You need to be mentally and emotionally prepared because this phase will more than likely feel quite strained, especially in the early stages. A lot of emotions will arise, some that may even surprise you... ones that have perhaps been repressed and ignored. If you have a lot of anger you may start lashing out at your partner. In turn, they may react with the silent treatment or an attitude of indifference, as a retort, for feeling uncomfortable because of the damage they have caused to the marriage.
Both you and your partner are going to have to put some real energy and effort into working together on your communication skills. And being the victim, you are going to need some form of trust and sense of confidence that your spouse is on-board and committed to the process.
Be aware, also, that you will likely go through periods of negative thoughts as you start working with your partner to save your marriage, but this does not mean that your internal foundation has been compromised, or is at risk of falling apart. This is just part of the natural process of trying to build communication again after something as devastating as an affair.

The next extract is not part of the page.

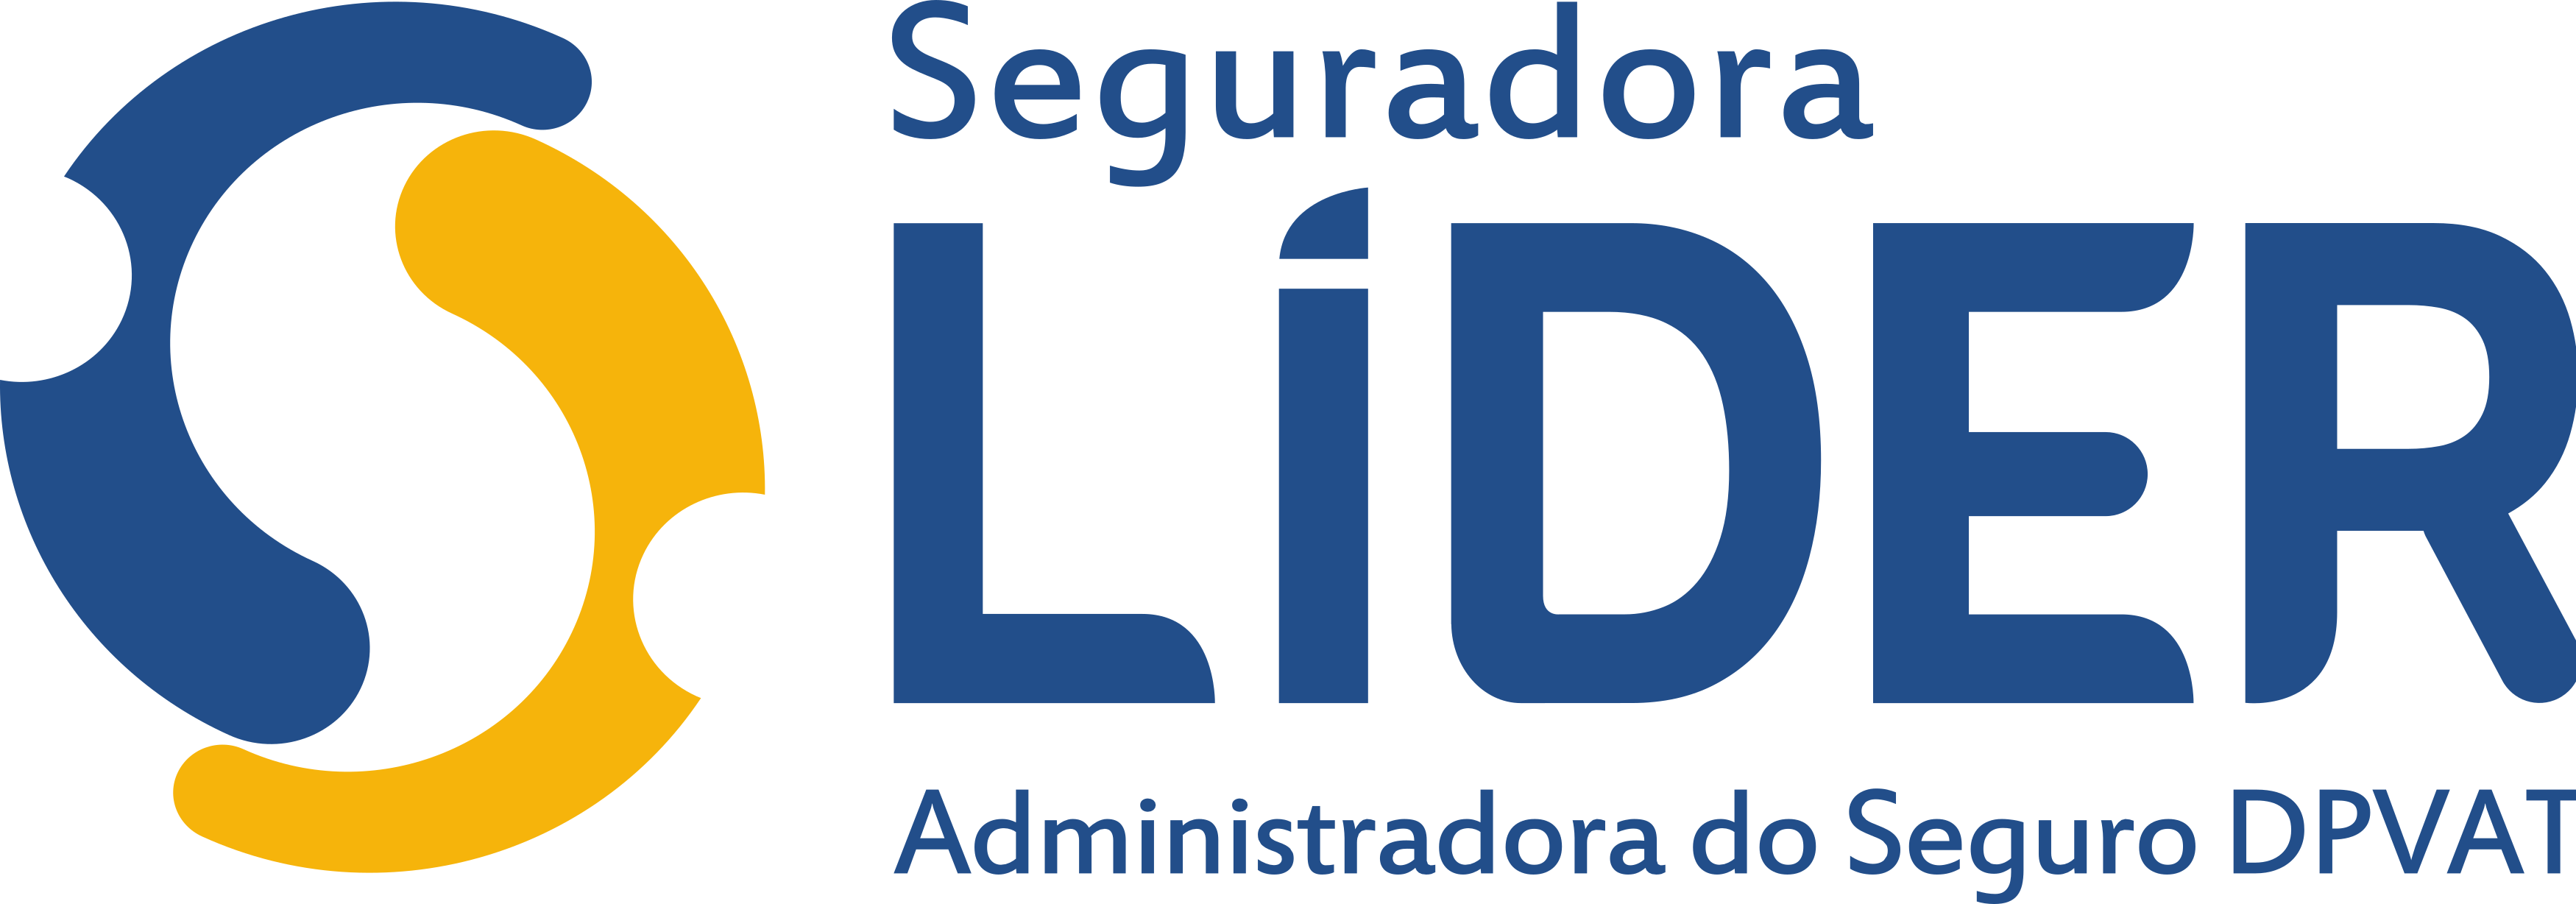 Seguradora Lider DPVAT Logo.

Phase 3: The Rebuilding of Your Marriage Or Relationship:
Once you have re-established a working mode of communication with your spouse, where it is more positive and constructive in nature instead of angry, with emotional tirades of accusations and condemnation, then you are ready to start rebuilding your marriage.
This is the pivotal piece in the "how to survive infidelity and restore your relationship" puzzle, and is defined by being positive and proactive in your thoughts and actions. This phase will be characterized by transparency and establishing trust again. This is where you begin doing away with the mentality of, "this is how we've always done it" thinking in your marriage and replacing that mindset with a much more solid foundation, where your marriage will be governed by a very clear-cut, and defined set of rules and parameters.
Surviving Infidelety – Conclusion
The beauty of the marriage relationship is such that it is never complete. There is always work that can be done - improvements that can be achieved. And you need to be committed to this most rewarding of processes. I say committed and you must not allow yourself to lose sight of your goal - that of surviving infidelity, and the ultimate goal to save your marriage or relationship. How to survive infidelity and restore your relationship involves having a positive attitude and a constructive game-plan. As you put your best foot forward and continue towards your goal, refusing to let anything defeat you, you will begin to experience restoration and healing and the love for your spouse will start to burn again. Understanding your partner's wants and needs is crucial to surviving infidelity, and you can only do that by talking one-on-one about both of your needs. Equally crucial is the need to discuss these desires with your partner instead of with friends and family. If you feel that there is a need to talk with someone outside of your relationship, discuss things with a marriage counselor. Also remember to come back to this website as I will update it with new surviving infidelity tips and help so you will get your get your marriage/relationship back on track.